Quema
de libros
Hermann
Bellinghausen
La
Jornada
10
de enero de 2005
Bill Gates, que sabe muchas cosas que nosotros no, aunque nos
conciernen, confirmó recientemente la certeza posmoderna
de que los libros desaparecerán. Y pronto. Así que
las nuestras serán las últimas generaciones en manejar
esos pesados y polvosos vejestorios, presa (pero no tan fácil)
del fuego purificador de los imbéciles en el pasado, y
hoy en las colas de los jubilados para cobrar pensión.
Si el hombre más rico del mundo tiene razón, vamos
extrañar los libros.
Perdone el
lector que me ponga sentimental, pero es que quiero mucho a los
libros. Aunque algunos pocos, poquitos, son peligrosos y mortíferos,
la mayoría le hacen bien a la gente, si son buenos libros.
Y si malos, no suele ser grave; descomponen el gusto, si acaso.
Es cosa de cada quien.
Siendo la
lectura una actividad minoritaria e incluso inexistente en muchos
lugares del planeta, la edad post Gutenberg que toca a su fin
ha sido el periodo histórico de mayor esplendor para esas
extrañas operaciones mentales que son la lectura y la escritura,
basadas en signos arbitrarios (letras, ideogramas, glifos).
¿Son
imaginables futuras sectas y monasterios dedicados a la transcripción,
lectura y preservación de los libros, como antes del Renacimiento?
¿O ni siquiera?
Grupitos de
lectores que preserven libros y códices, se los transmitan
de generación en generación, callandito, y produzcan
algunos más. ¿Podría cumplirse la fantasía
canónica de Farenheit 451, en un hipotético mundo
donde la lectura está prohibida y los autos de fe son mera
aplicación de las leyes vigentes y "combate a la piratería"?
Míster
Gates no es único en vaticinar la muerte del libro. Pero
él está especialmente calificado. De manera no tan
simbólica, su hoy universal método se llama Palabra
(en inglés), y sus páginas monopolizan el uso literal
de Ventanas y otros iconos. El sistema ideado en su microsuave
empresa planetaria lo ha hecho inconcebiblemente rico. Y nada
más porque persisten algunas limitaciones al monopolio
dentro de su país (que respecto al resto del mundo ya prescinde
de cualquier limitación legal), Gates no se ha adueñado
de los demás sistemas sonoros, visuales y virtuales, pero
les marca el paso. Su histórico rival, Míster Chambas
(Steve Jobs y la maquintóshica heredad), le sigue la huella
tratando de evadirlo por un camino más visual, y da la
batalla porque en un futuro totalitario también harían
falta los servicios de la dialéctica. Hasta el mercado
la necesita de vez en cuando.
Enmedio de
esto, los libros aparecen apenas como algunas de las víctimas
propiciatorias a las cuales se ofrece a cambio un futuro "evolucionado",
"desarrollado". Conceptuado como "sistema de almacenamiento
de información", el libro "mejorará",
será "potenciado". Se supone. ¿Cuántas
personas poseen o poseerán computadoras o lo que las sustituya?
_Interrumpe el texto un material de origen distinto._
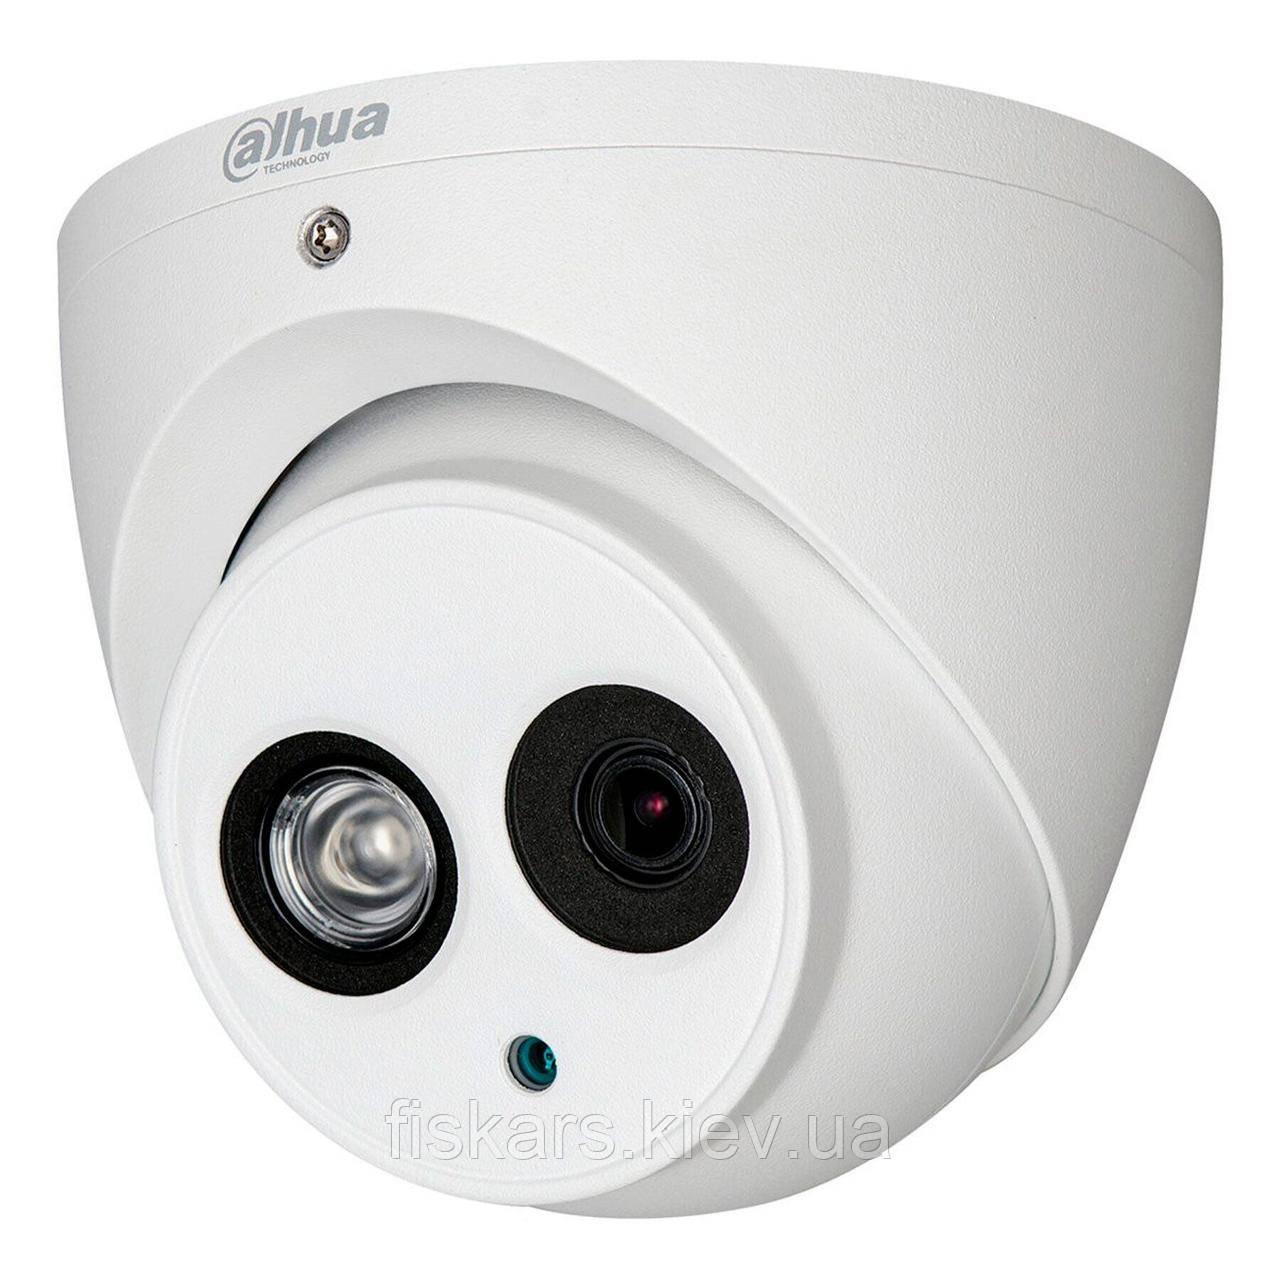 HD-CVI видеокамера Dahua DH-HAC-HDW1500EMP-A

Lo mismo da. ¿Cuántas poseían libros y cuadernos
en los siglos pasados y antepasados? Muchísimas menos.
Hasta ahora,
las compus no se salvan de la única opción concreta
del libro para existir: ser leídas. Y la pantalla, con
perdón, es una página asquerosa e incómoda.
La única otra opción es, sí, imprimirla.
Copiarla. El método de almacenamiento tal vez cambie, y
librerías y bibliotecas tiendan a lo digital, pero la existencia
del objeto "página" (y el objeto "libro",
por ende) deberá seguir inevitable.
A menos que
la lectura como tal desaparezca y se ideen formas de introducir
palabras e información en las personas por vía paraocular,
las tablillas de Gilgamesh, los papiros de Herodoto y Homero,
los códices, las piedras de Piedras Negras y las hojas
de papel que contienen el Rabinal Achí, a Cervantes, Shakespeare,
Dante, Kafka y el resto, no parecen prescindibles.
Según
Gates y otros profetas del progreso, sí lo son. Antes que
videntes, comerciantes, ellos sabrán por qué, pues
van sobre seguro.
Las inquisiciones
tipo habsbúrgico-borbónico o hitleriano quemaban
los libros "diabólicos" o "decadentes",
pero preservaban otros. Quizás el Khmer Rouge sea una excepción:
desaparecerlo todo, incluso los catecismos propios. Conocemos
otras experiencias de brutalidad contra la palabra y la memoria,
como la del ejército yanqui al devastar Mesopotamia en
2003, con tal cinismo que hasta a la muy institucional National
Geographic Society se le pusieron los pelos de punta. La barbarie
indiscriminada se ha visto infinidad de veces. Ni que Atila, Tamerlán
o los señores de Toniná fueran cuentos viejos. Como
mataron, murieron.
La previsión
de Gates, un auténtico lugar común a estas alturas,
se presume civilizatoria, no bárbara. Qué alivio.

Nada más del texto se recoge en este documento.